How do you simplify ${x^2}{y^{ - 4}} \times {x^3}{y^2}$ and write it using only positive exponents?

Answer 1

Hint: In this question, we want to multiply the expression with the exponent. For that, we will combine the like terms. Then we will apply the product of power property which states that if we multiply powers with the same base we just have to add the exponents.
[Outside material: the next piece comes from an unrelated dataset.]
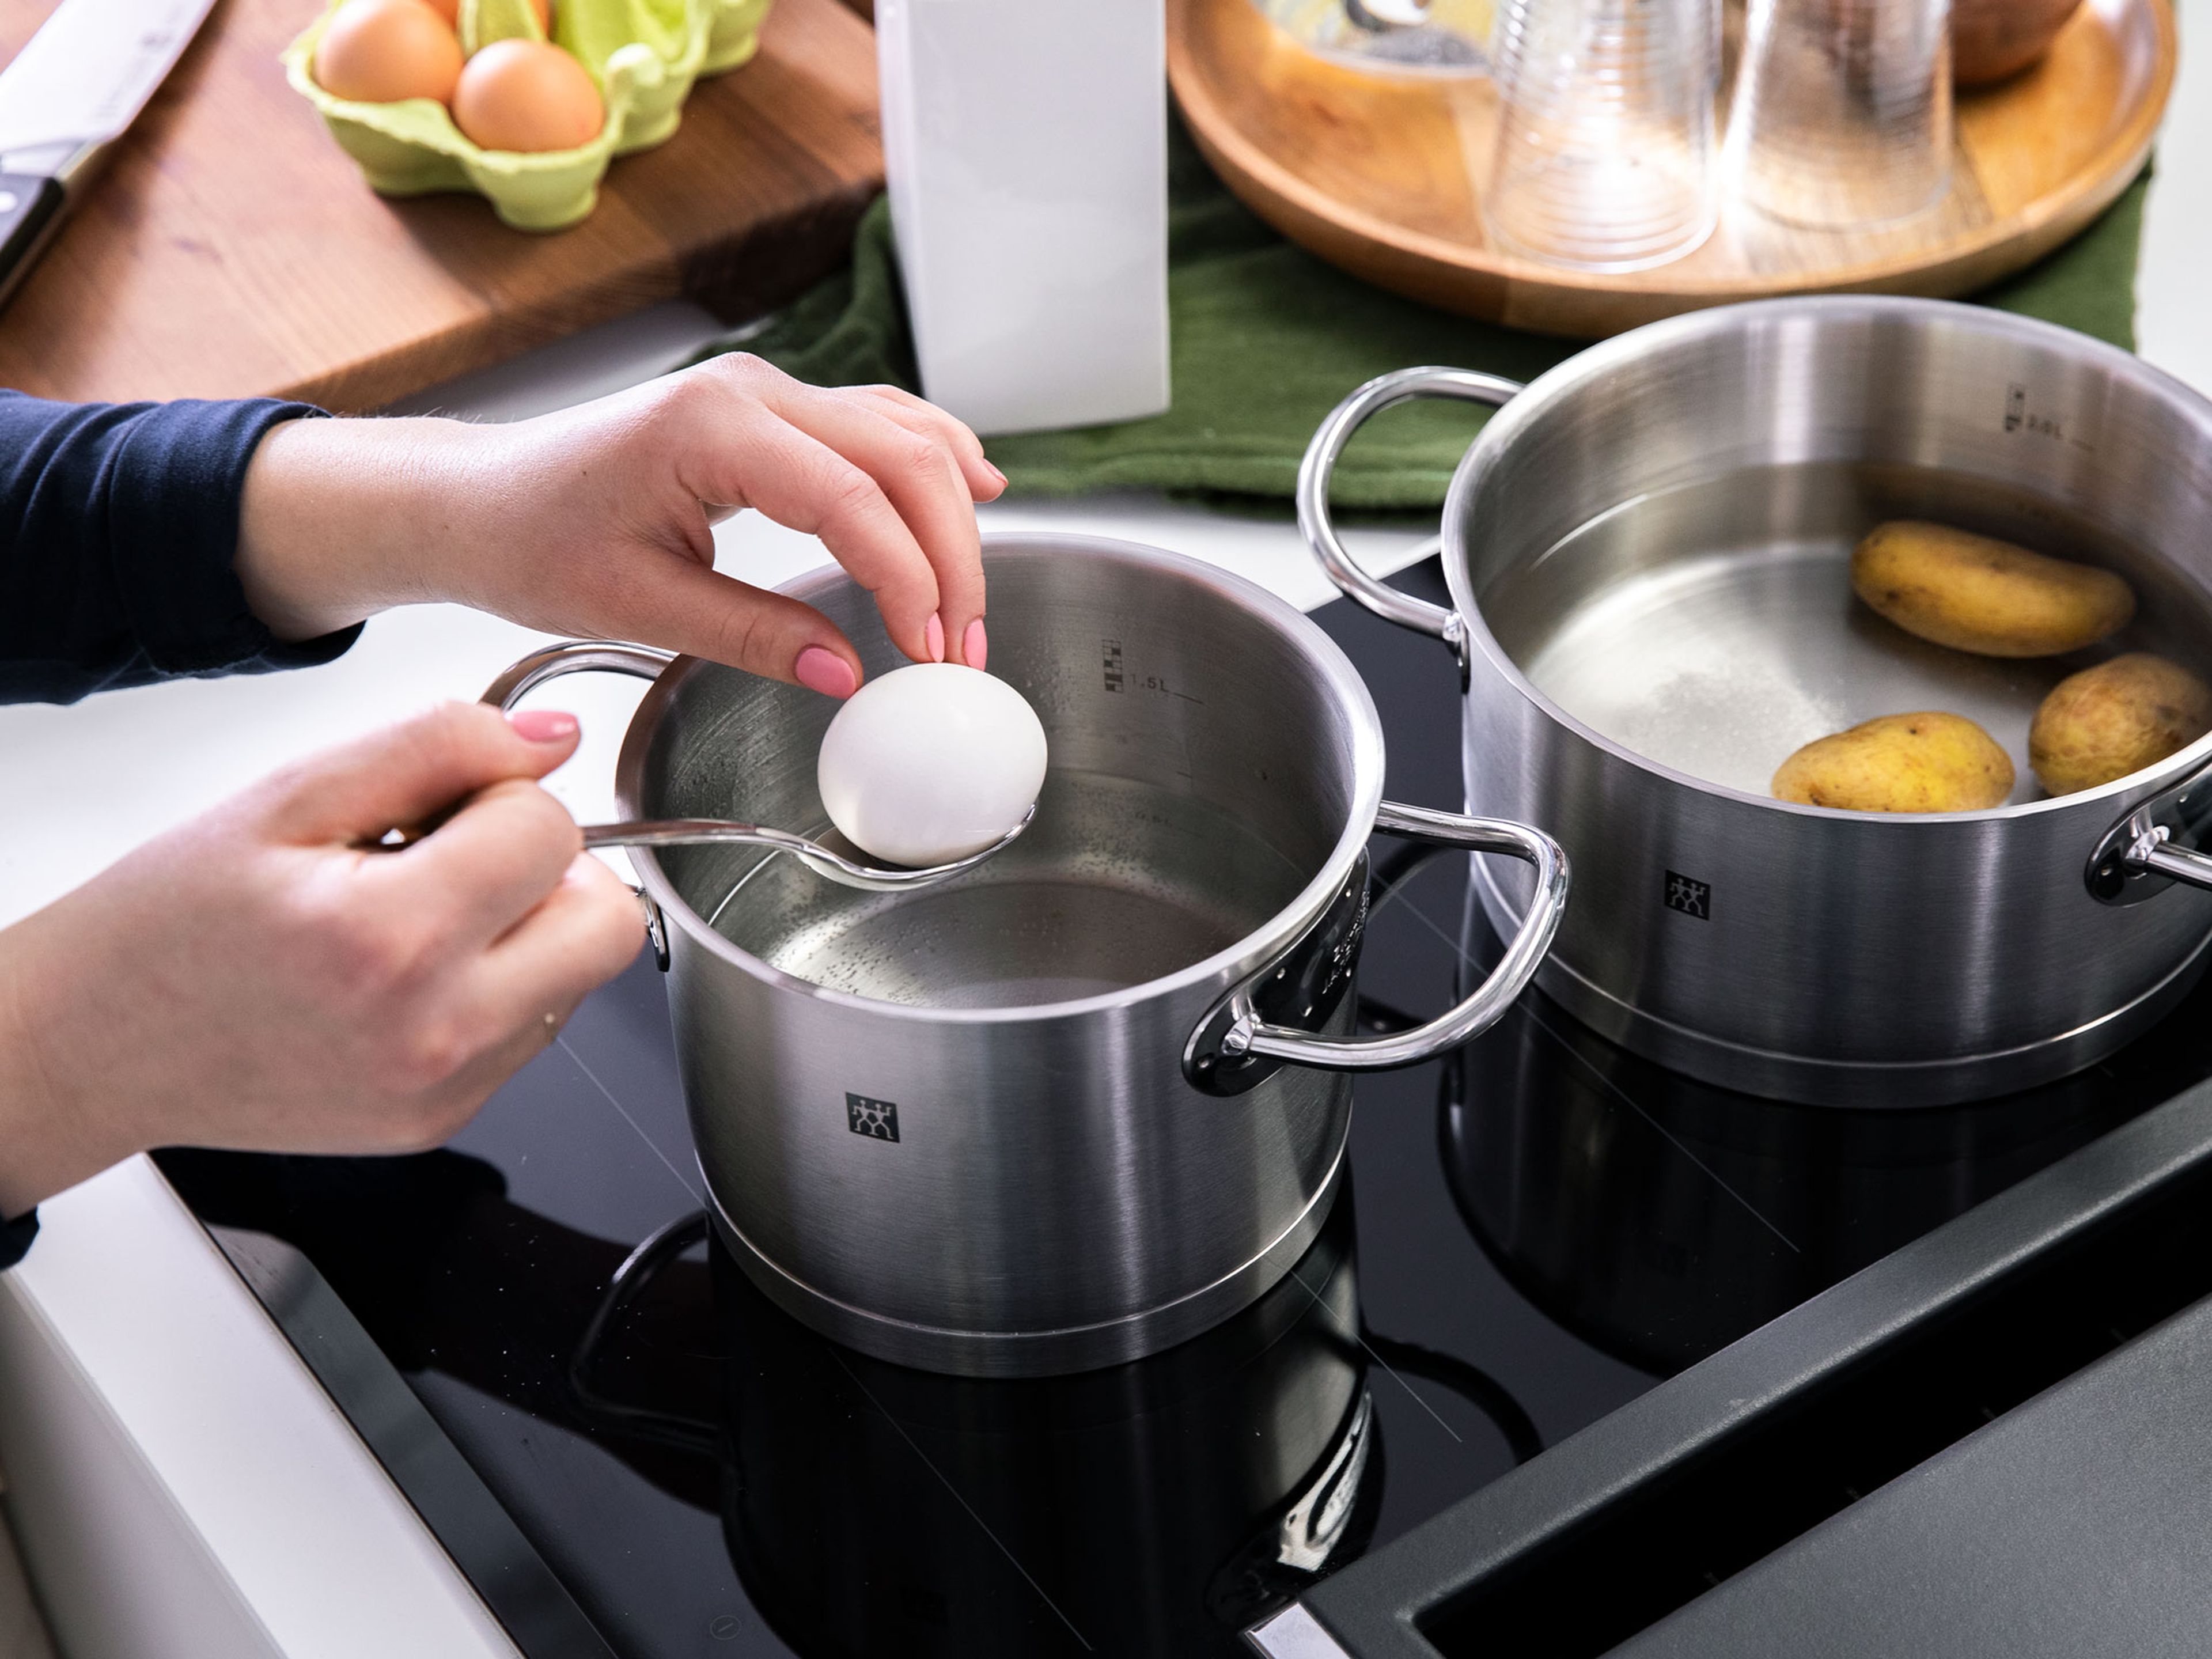 Kartoffeln in einen Topf mit kaltem Wasser geben, salzen und kochen, bis sie weich sind. In der Zwischenzeit Eier ca. 6 - 7 Min. kochen. Kartoffeln und Eier abgießen und ankühlen lassen. Anschließend beides schälen und in mundgerechte Stücke schneiden.

The negative exponents are the reciprocals of the positive exponents.
Therefore, the formulas used are:
${x^a} \times {x^b} = {x^{a + b}}$
${x^{ - a}} = \dfrac{1}{{{x^a}}}$

Complete step by step solution:
In this question, we want to multiply the given expression.
$ \Rightarrow {x^2}{y^{ - 4}} \times {x^3}{y^2}$
First, we will combine the like terms together.
That is equal to,
$ \Rightarrow \left( {{x^2} \times {x^3}} \right)\left( {{y^{ - 4}} \times {y^2}} \right)$...(1)
Now, let us apply multiplication on ${x^2}$ and ${x^3}$.
According to the product of power property, when we multiply powers with the same base we just have to add the exponents.
Therefore, the formula is: ${x^a} \times {x^b} = {x^{a + b}}$
In this question, we want to multiply ${x^2}$ and ${x^3}$.
Substitute the values in the product of the power property formula.
$ \Rightarrow {x^2} \times {x^3} = {x^{2 + 3}}$
The addition of 2 and 3 is 5.
 $ \Rightarrow {x^2} \times {x^3} = {x^5}$
 Now, let us apply multiplication on ${y^{ - 4}}$ and ${y^2}$.
According to the product of power property, when we multiply powers with the same base we just have to add the exponents.
Therefore, the formula is: ${x^a} \times {x^b} = {x^{a + b}}$
In this question, we want to multiply ${y^{ - 4}}$ and ${y^2}$.
Substitute the values in the product of the power property formula.
$ \Rightarrow {y^{ - 4}} \times {y^2} = {y^{ - 4 + 2}}$
The addition of -4 and 2 is -2.
 $ \Rightarrow {y^{ - 4}} \times {y^2} = {y^{ - 2}}$
Negative exponents are the reciprocals of the positive exponents.
${x^{ - a}} = \dfrac{1}{{{x^a}}}$
So,
$ \Rightarrow {y^{ - 4}} \times {y^2} = \dfrac{1}{{{y^2}}}$
Put these values in equation (1).
$ \Rightarrow \left( {{x^2} \times {x^3}} \right)\left( {{y^{ - 4}} \times {y^2}} \right) = \dfrac{{{x^5}}}{{{y^2}}}$

Hence, the solution of ${x^2}{y^{ - 4}} \times {x^3}{y^2}$ is $\dfrac{{{x^5}}}{{{y^2}}}$.

Note:
Some exponent properties are as below.
Product of power property: ${x^a} \times {x^b} = {x^{a + b}}$
Power to a power property: ${\left( {{x^a}} \right)^b} = {x^{ab}}$
Power of a product property: ${\left( {xy} \right)^a} = {x^a}{y^a}$
The quotient of power property: $\dfrac{{{x^a}}}{{{x^b}}} = {x^{a - b}}$
Power of a quotient property: ${\left( {\dfrac{x}{y}} \right)^a} = \dfrac{{{x^a}}}{{{y^a}}}$
Negative exponents are the reciprocals of the positive exponents.
Therefore, ${x^{ - a}} = \dfrac{1}{{{x^a}}}$ and
 ${x^a} = \dfrac{1}{{{x^{ - a}}}}$